Roy Prosser
- Birth name: Roydon Barnett Prosser
- Date of birth: 18 February 1942
- Place of birth: Manly, New South Wales, Australia
- Date of death: 13 August 2008 (aged 66)
- Place of death: Brisbane, Queensland, Australia
- School: Newington College
- Notable relative(s): Cyril Towers (Father-in-law)

Rugby union career
- Position(s): Prop

Senior career
- Years: Team / Apps / (Points)
- Northern Suburbs /  / ()

International career
- Years: Team / Apps / (Points)
- 1966–1972: Australia / 25

= Roy Prosser =

Australia international rugby union player

Roydon "Roy" Barnett Prosser (18 February 1942 – 13 August 2008) was an Australian Rugby Union player who represented for the Wallabies twenty-five times.
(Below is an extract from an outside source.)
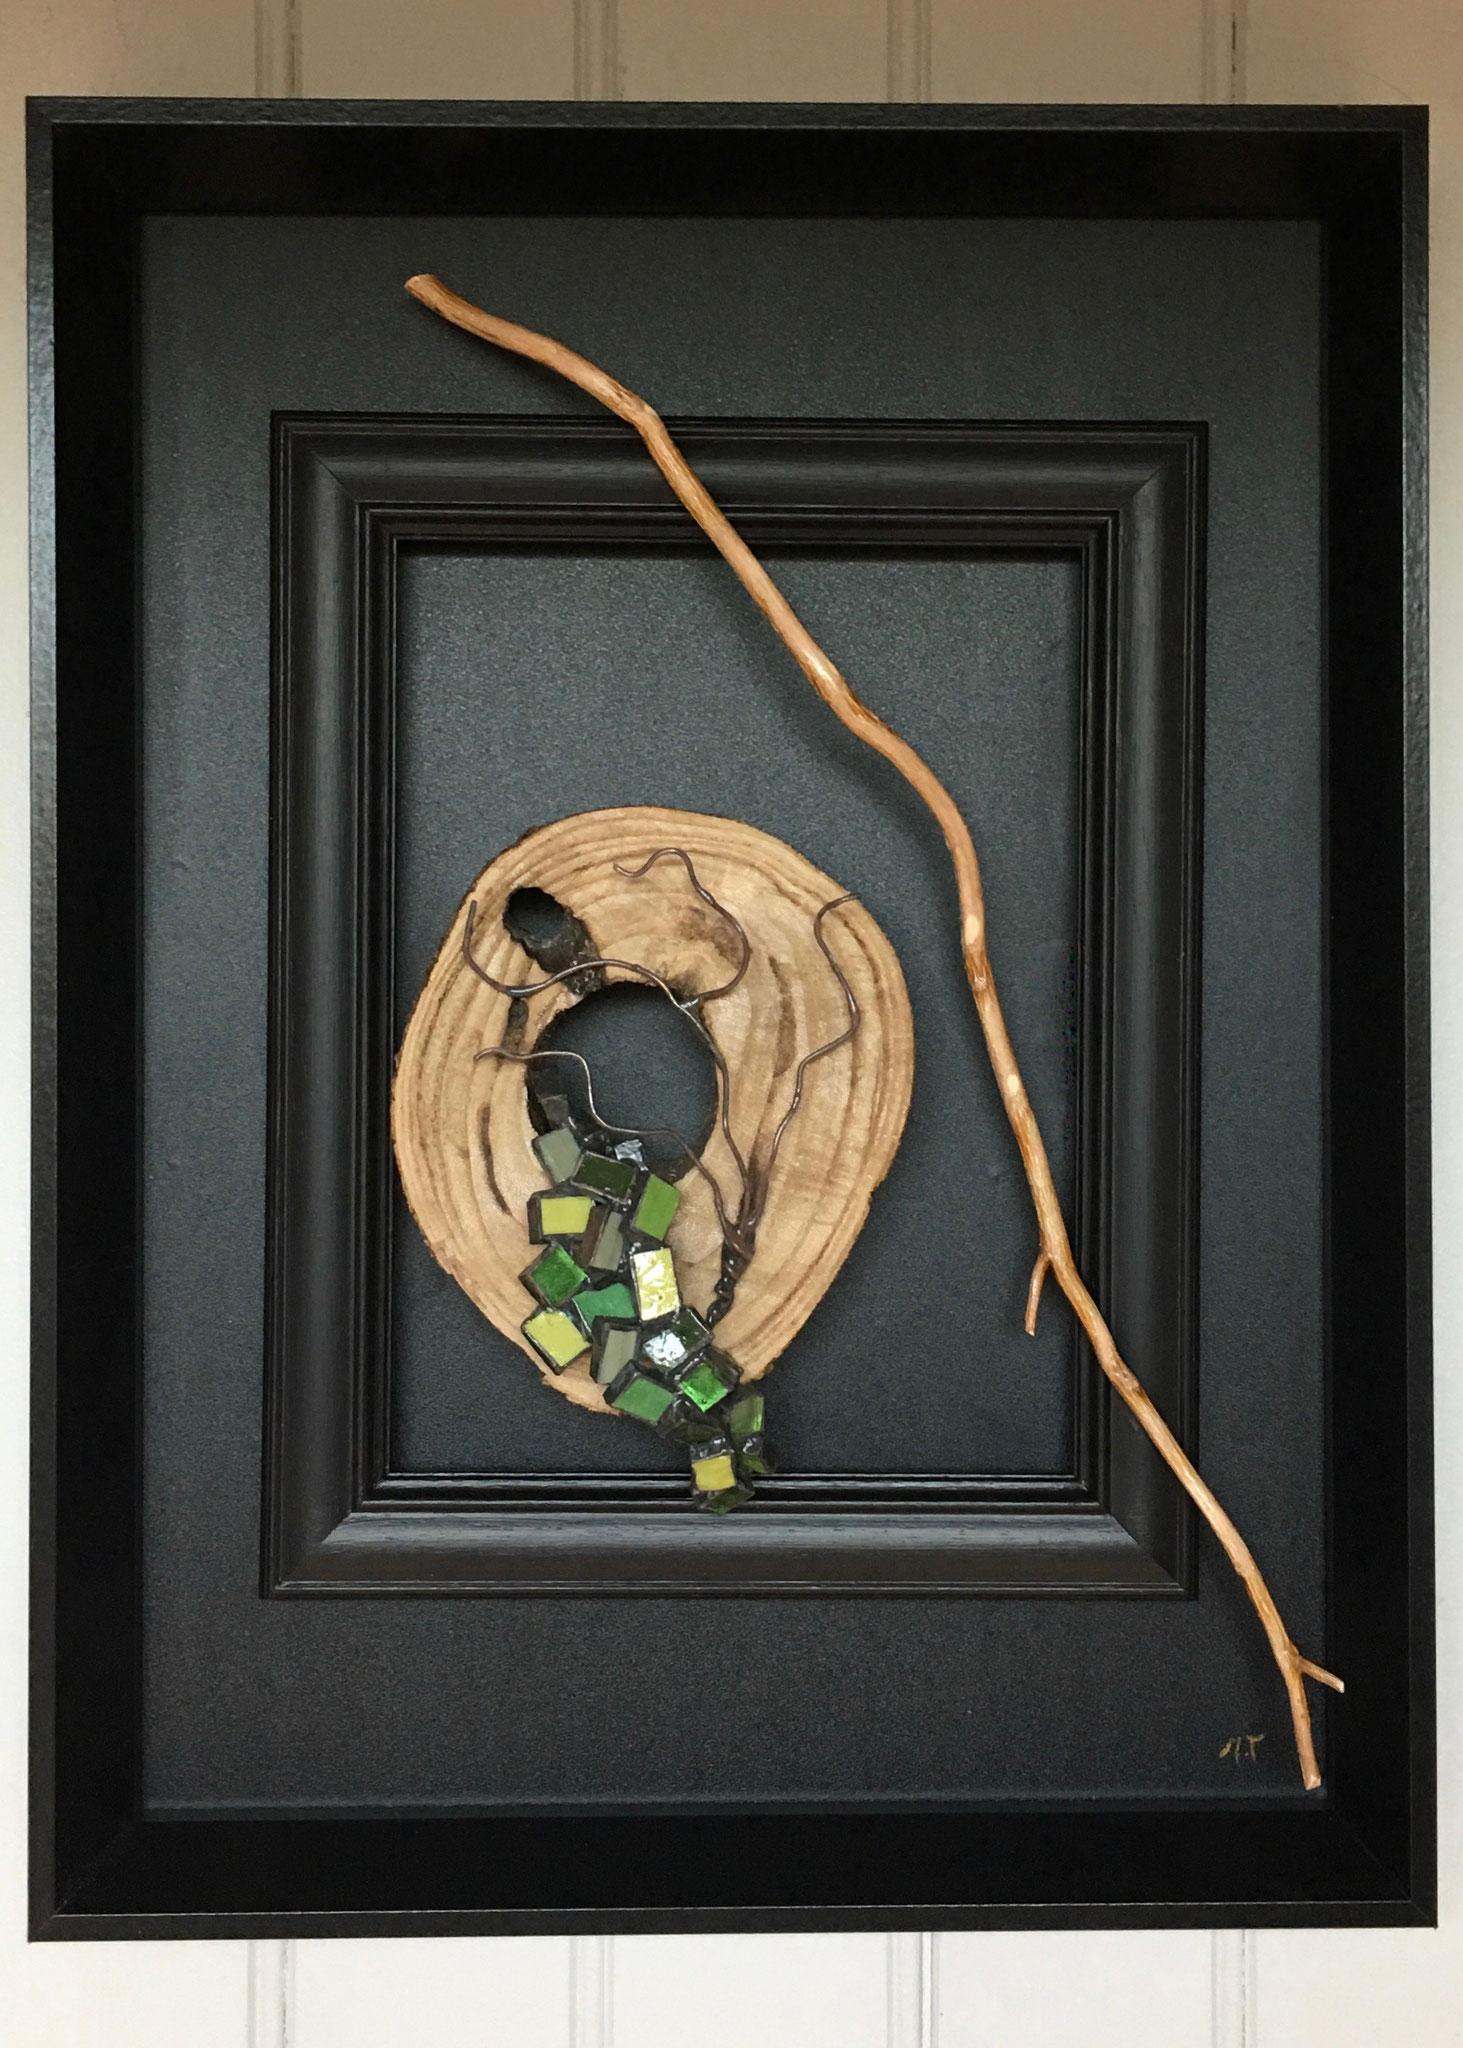 Tableau rondin de bois et cascade tesselles de verre Murano
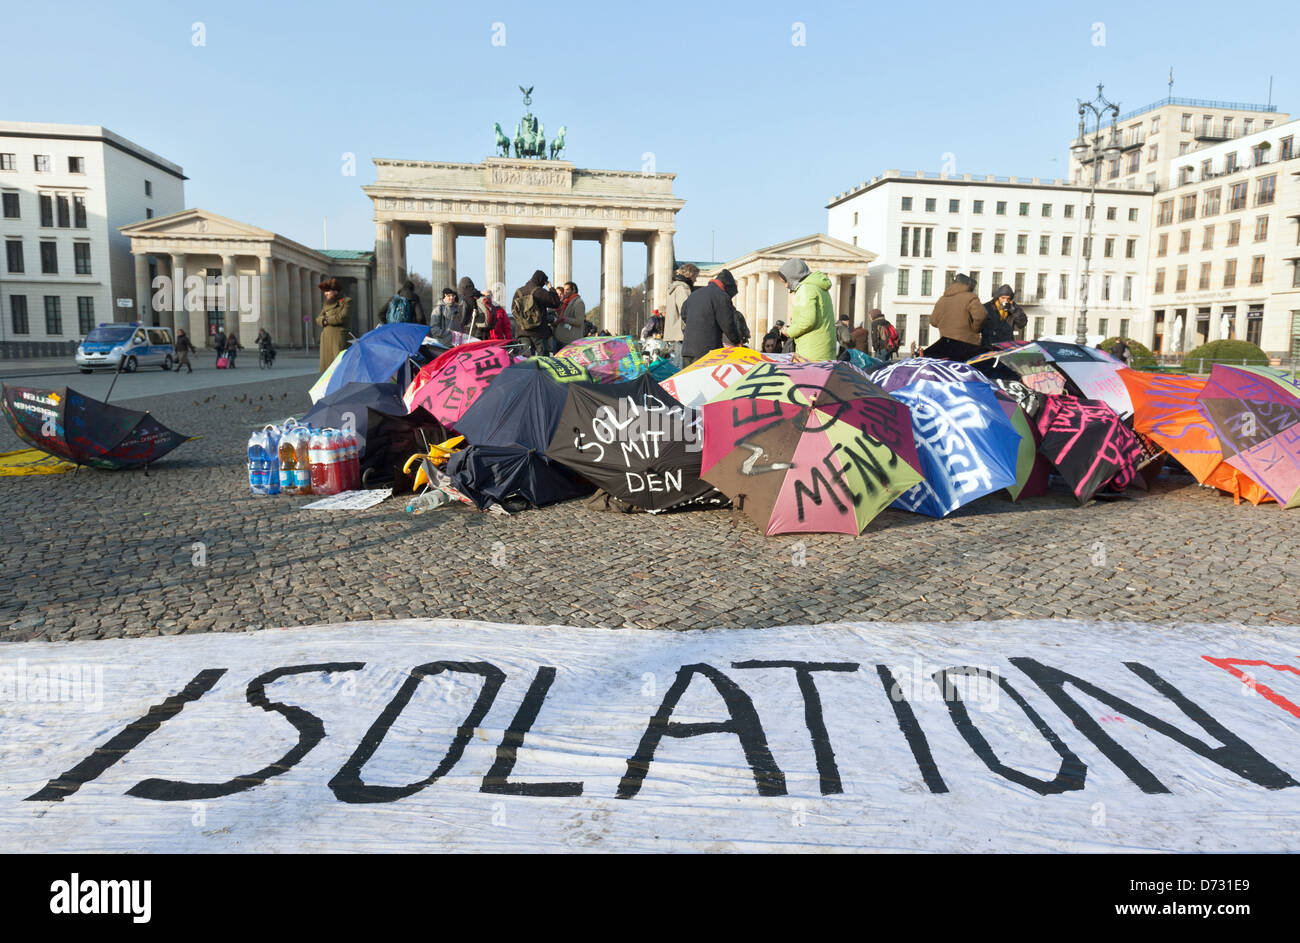 Berlin, Germany, the Refugee hunger strike in front of the Brandenburg Gate - Stock Image

Prosser was once Australia's most capped prop.

==Early life==
Prosser was born in Sydney and attended Newington College (1949–1959) commencing as a preparatory school student in Wyvern House.

==Club Rugby==
Prosser played a club record 220 first grade games for Northern Suburbs Rugby Club and was a member of our three premiership sides in the 1960s.

==Waratahs==
He made his New South Wales debut in 1963, making 24 appearances for the Waratahs over the following ten seasons.

==Wallabies==
Prosser played 25 Test matches: seven against South Africa, six against New Zealand, five against France, three against Ireland and one each against England, Scotland, Wales and Fiji. He made his Test debut in 1967 against England at Twickenham in a game the Wallabies won 23–11 and played in two tests of that 1966–67 Wallaby tour. His last Test was against Fiji in Suva in 1972 which the Wallabies won 21–19.